2) Ontology Mappings in the Earth and Environmental Sciences
Numerous Earth and Environmental Science ontologies exist in various repositories that are useful to DataONE, for data access and delivery, and for data sharing. These ontologies can be used to enhance metadata annotations of each dataset, thus improving metadata quality overall. However, Earth and Environmental Science ontologies have very different degrees of quality and curation. As DataONE is poised as the main point of access to earth and environmental data and practices and is schema agnostic, semantic descriptions of these datasets and practices are crucial to discovery across schemas. One way to ascertain this degree of quality is to locate terms with similar semantics between two or more ontologies and, based on their annotations and surrounding concepts in the ontologies, have domain users assess the comparative quality. The scope of this task includes providing backend mappings to be used by automated assistance to the users in the form of semantically similar terms from different ontologies for the same domain. The ideal candidate will have a background in computer or information science and should be familiar with ontological concepts and possibly the application of algorithms to provide mappings. Expected outcomes may include the development of software prototype, a final report, or material for publication of results at a conference on earth and environmental sciences.
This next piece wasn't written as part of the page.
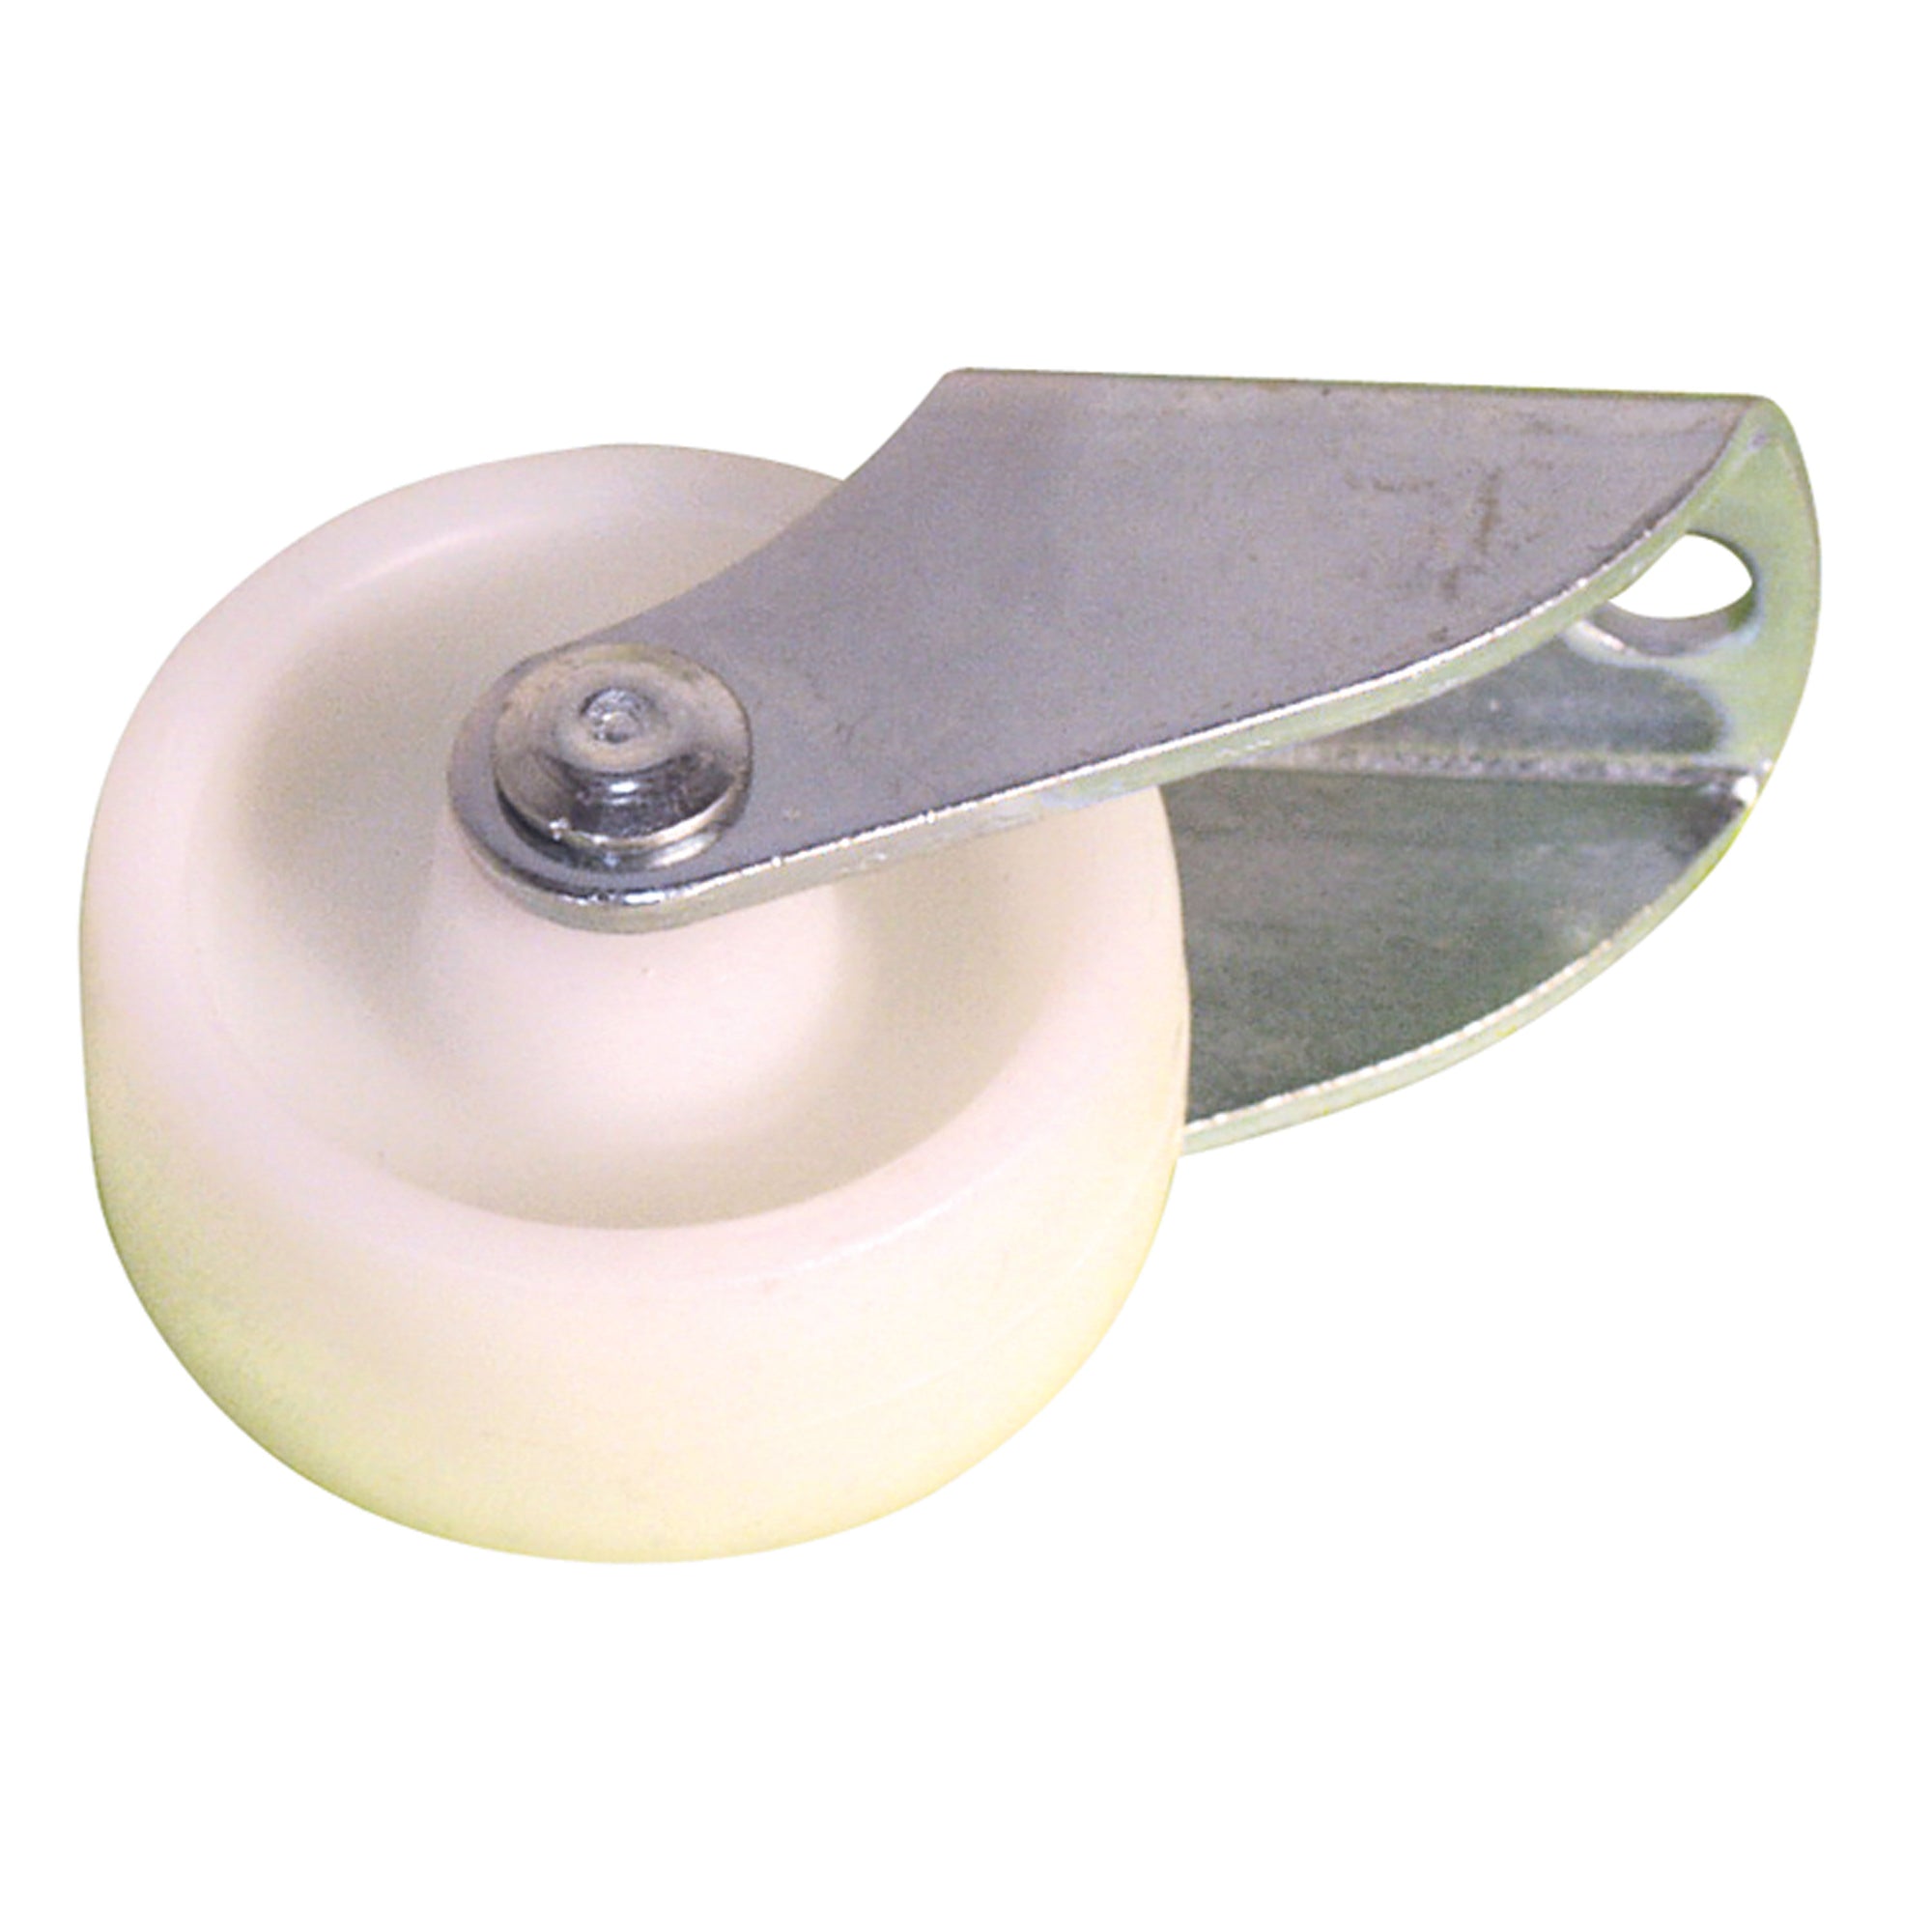 JR Products 05014 Removable Awning Saver
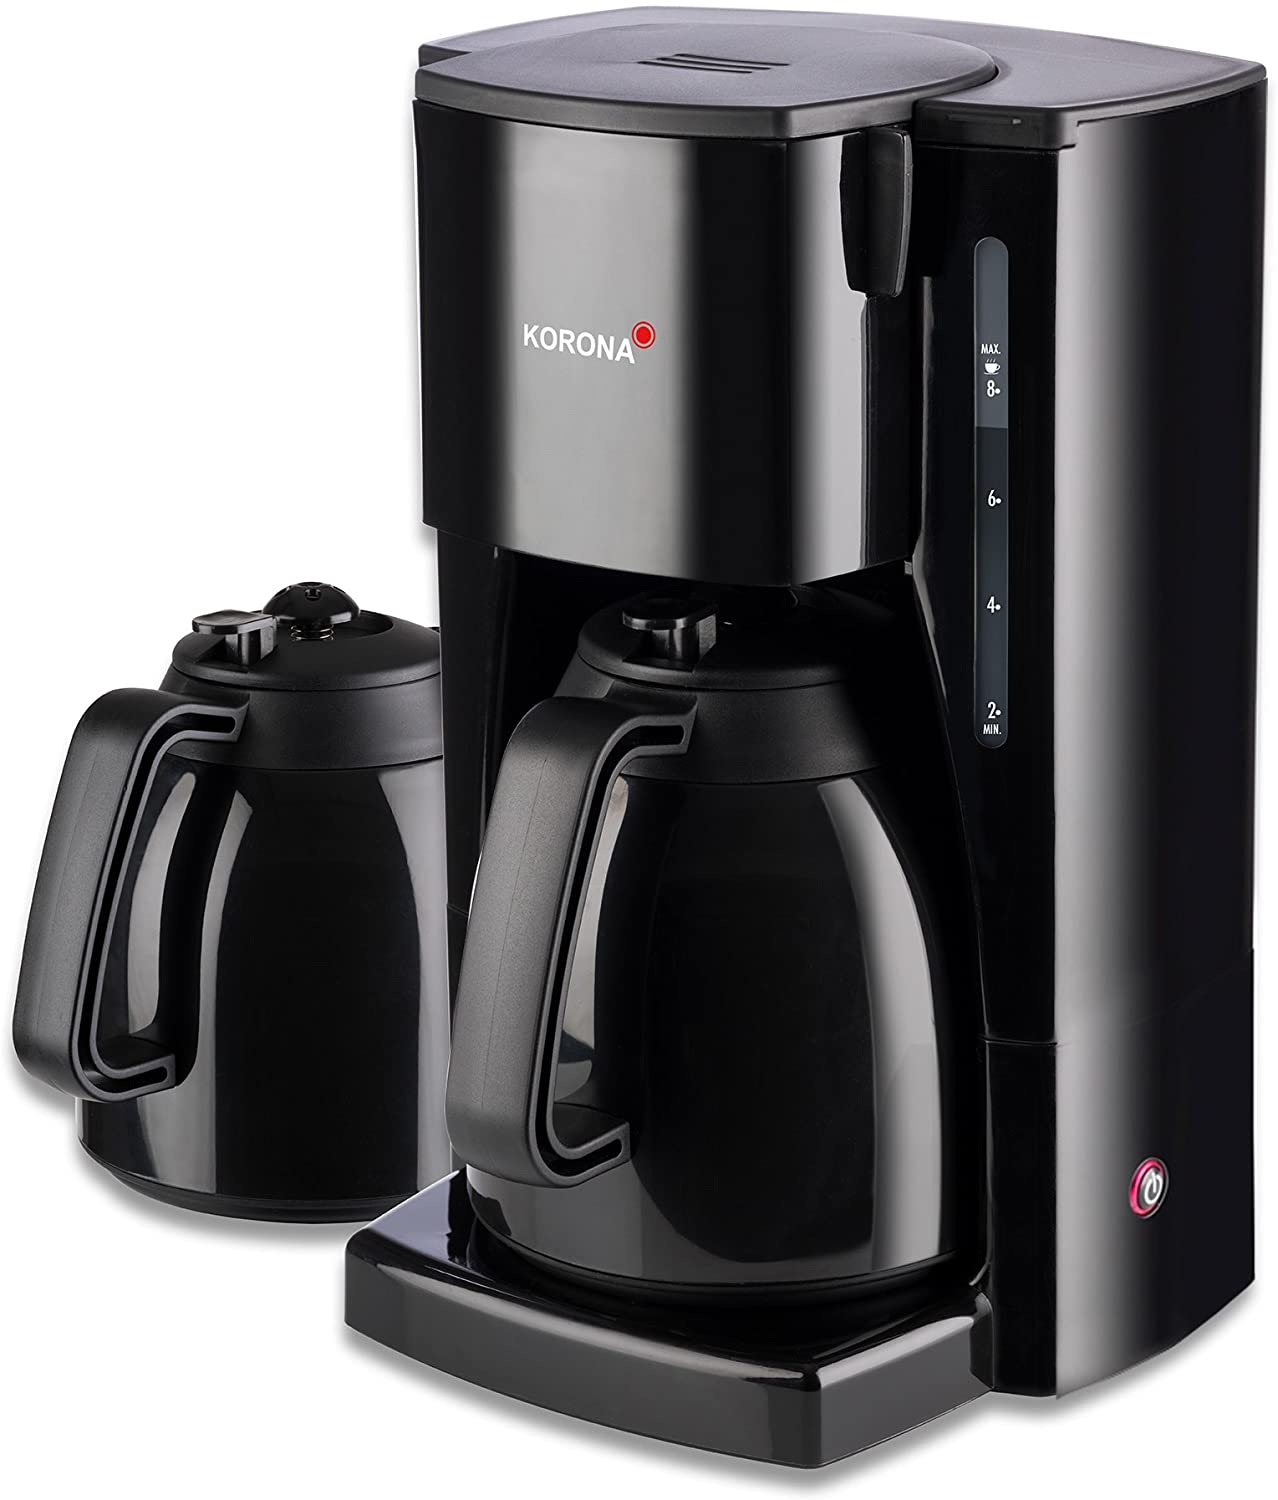 Korona 10311 Coffee Machine with Additional Thermal Jug - Filter Coffee Machine with Capacity for 8 Cups of Coffee

Primary Mentor: Line Pouchard, Oak Ridge National Laboratory
Secondary Mentors: Natasha Noy, Stanford University; Mike Huhns, South Carolina University
Necessary Prerequisites: Background in computer sciences and/or information retrieval
Desirable Skills / Qualifications: Programming skills suitable to perform the described task
Expected Outcomes: A software prototype, or material suitable for a publication
3) Evaluation of Ontology Coverage for Curation
As the use of ontologies in the Earth and Environmental Sciences domain increases, there is a need to evaluate existing ontologies and their quality to provide an amount of curation to the collection. Many criteria have been proposed in the literature for evaluating ontologies and ontologies need to be evaluated along many dimensions. In particular the coverage of the ontologies should be evaluated for relevance to the community. This is particularly important to the DataONE federation, as ontologies and semantic descriptions of domain vocabularies enhance dataset discovery and ensure disambiguation of domain knowledge. We propose developing methods for automatic evaluation using Natural Language Processing methods. The ideal candidate will have a background in Computer Science and be familiar with ontologies or NLP techniques. Expected outcomes include a prototype on the evaluation results or material for publication.
Primary Mentor: Line Pouchard, Oak Ridge National Laboratory
Secondary Mentors: Natasha Noy, Stanford University; Mike Huhns, South Carolina University
Necessary Prerequisites: Background in computer sciences and/or information retrieval
Desirable Skills / Qualifications: programming skills suitable to perform the described task
Expected Outcomes: A software prototype, or material suitable for a publication
4) Integrating Data Stories into DataONE Education and Community Engagement Products
Tensions around sharing scientific data have received international attention in recent years - for example, in 2009’s “climategate” – and the scientific community is actively working toward creating a healthier dialogue around data management and sharing. This project aims to integrate success stories and cautionary tales from researchers related to their experiences with managing and sharing scientific research data into DataONE education and community engagement products. The Data Stories project, which is focused on collecting such stories through structured interviews and/or focus groups, is currently underway. By the beginning of Summer 2013, we expect to have a number of narratives based on these interviews posted online on the DataONE Data Stories blog (https://notebooks.dataone.org/data-stories/). The summer intern will assist with preparing and posting any stories that have not yet been posted, but will focus primarily on integrating these narratives into DataONE education products such as the Data Management Education Modules (http://www.dataone.org/education-modules). Intern will assist with publicizing the existence of these new resources to support data management and sharing, provide periodic project updates in the form of research blog posts, and assist with preparation of a manuscript summarizing key findings of the Data Stories project.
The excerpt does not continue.